Even so, when Washington Times reporter Donald Lambro asked Mr. Weyrich how he would vote in the event that the two women won their party nominations, Mr. Weyrich said he would vote for Miss Rice.

“I would swallow hard and support her because I consider Hillary a dangerous person who would take the country so far down the wrong track that we wouldn’t recognize it during her presidency,” he said.

Tilting the numbers

“At Wednesday morning’s presidential news conference, NBC’s David Gregory told President Bush that the idea of personal accounts for Social Security ‘remains, according to every measure we have, poll after poll, unpopular with the majority of Americans.’

“In fact, a Washington Post/ABC News survey released on Tuesday found that 56 percent support ‘a plan in which people who chose to could invest some of their Social Security contributions in the stock market,’ ” the Media Research Center’s Brent Baker writes at www.mediaresearch.org.

“But Gregory’s misperception is somewhat understandable given that The Washington Post headlined its Tuesday front-page story on the poll: ‘Skepticism of Bush’s Social Security Plan Is Growing.’ ”

Ailing bank

“Our World Bank sources tell us that when news was received [Wednesday] of Deputy Defense Secretary Paul Wolfowitz’s nomination to succeed outgoing bank President James Wolfensohn, a collective shudder could be felt throughout its Washington headquarters,” the Wall Street Journal says.

“It’s an affront to multilateralism. It will make the bank look like an arm of American imperialism. It will spark a revival of the antiglobalization movement the bank has tried so hard to ‘dialogue’ with and co-opt.

“Whatever. The World Bank is a dysfunctional bureaucracy that requires deep reform if it is to recover the trust of American taxpayers and survive as a relevant institution in the 21st century. That President Bush named as talented and senior a public servant as Mr. Wolfowitz is a sign he still takes the World Bank seriously — something we sometimes find hard to do — and that he means to reshape its cash-input-driven culture, which so far has produced negligible outputs for its ostensible clients, who are the world’s poor.

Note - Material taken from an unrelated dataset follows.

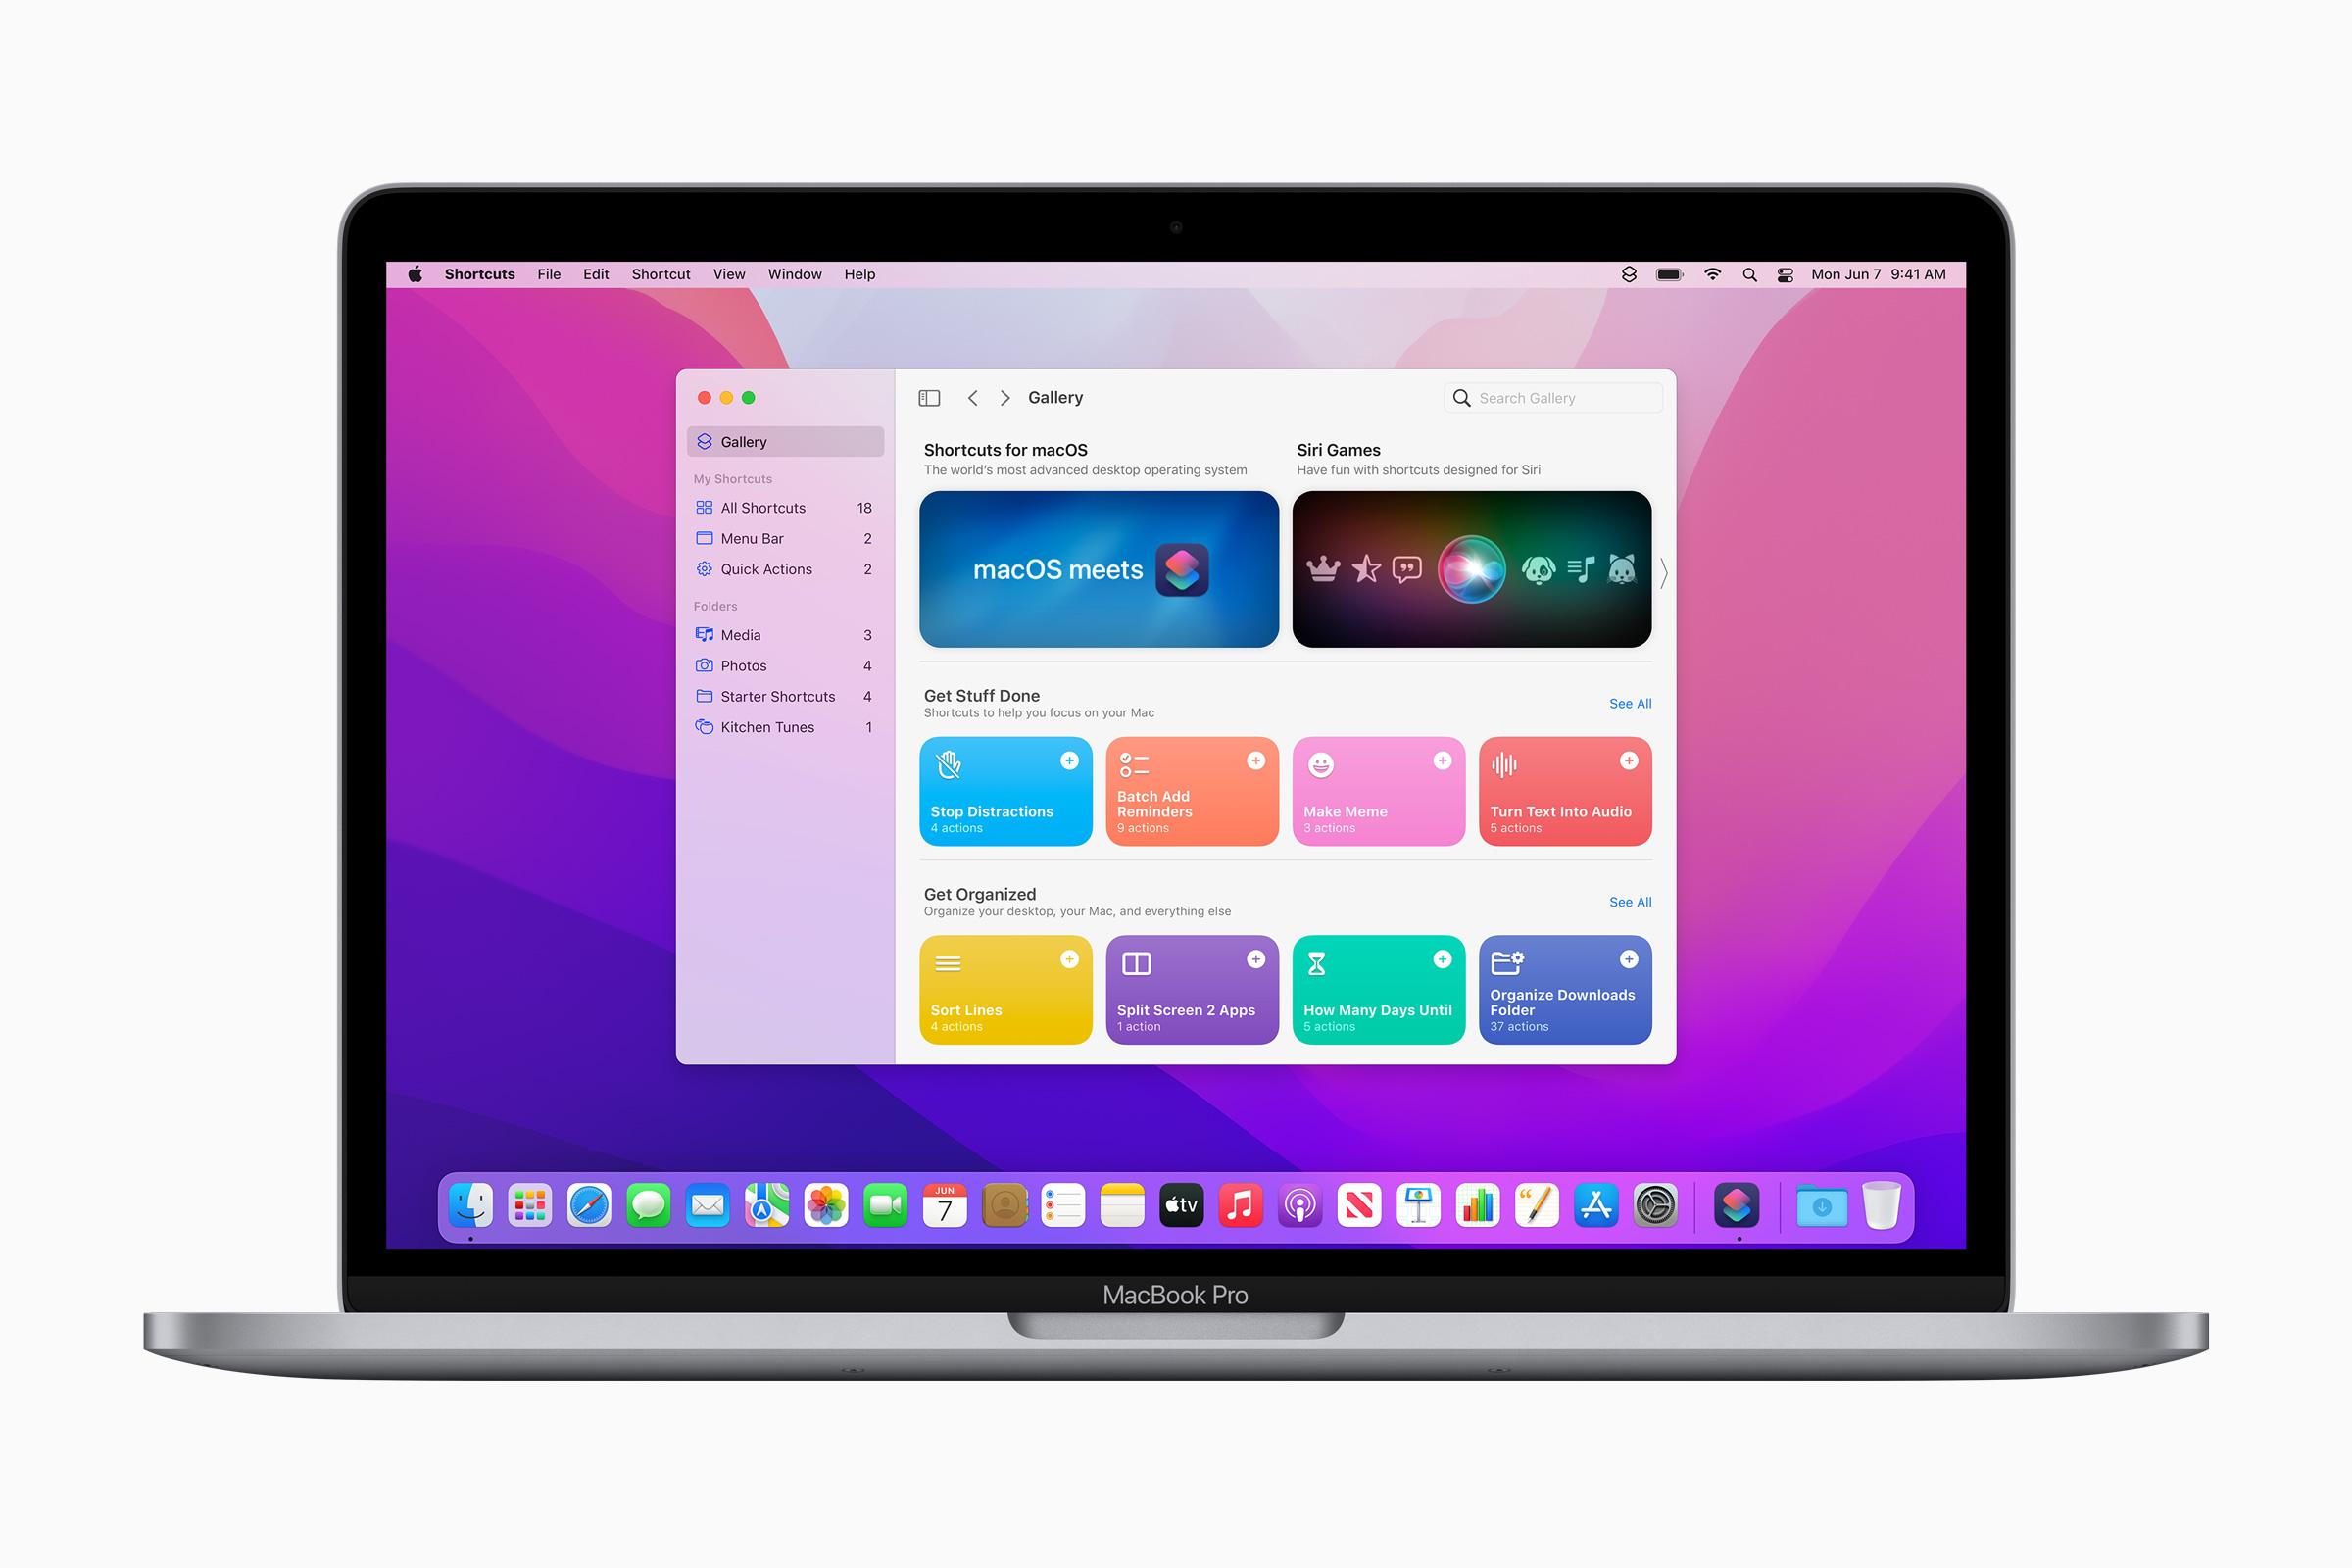 macOS Monterey Shortcuts app

“To gain a sense of what ails the bank, it’s useful to read the bipartisan 2000 Meltzer report on international financial institutions, which counts liberal development guru Jeffrey Sachs among its authors. The report is a bit dusty, but since the Bank fiercely resisted its conclusions, the analysis remains valid. Inter alia, the report found that 70 percent of the World Bank’s ‘non-aid’ funds go to 11 countries that already have easy access to capital markets, such as China, Mexico, Brazil and Thailand.”

Newt and the pope

Former House Speaker Newt Gingrich will look at the life of Pope John Paul II and his relationship with the United States and its leaders in a one-hour special at 9 p.m. Sunday on the Fox News Channel.

Mr. Gingrich will examine John Paul’s travels, his missions and his special appeal to the faithful of all ages, the network said.

A rare interview with the pope’s handpicked musical conductor — who will provide viewers with a rare look at John Paul’s personal side — will be featured.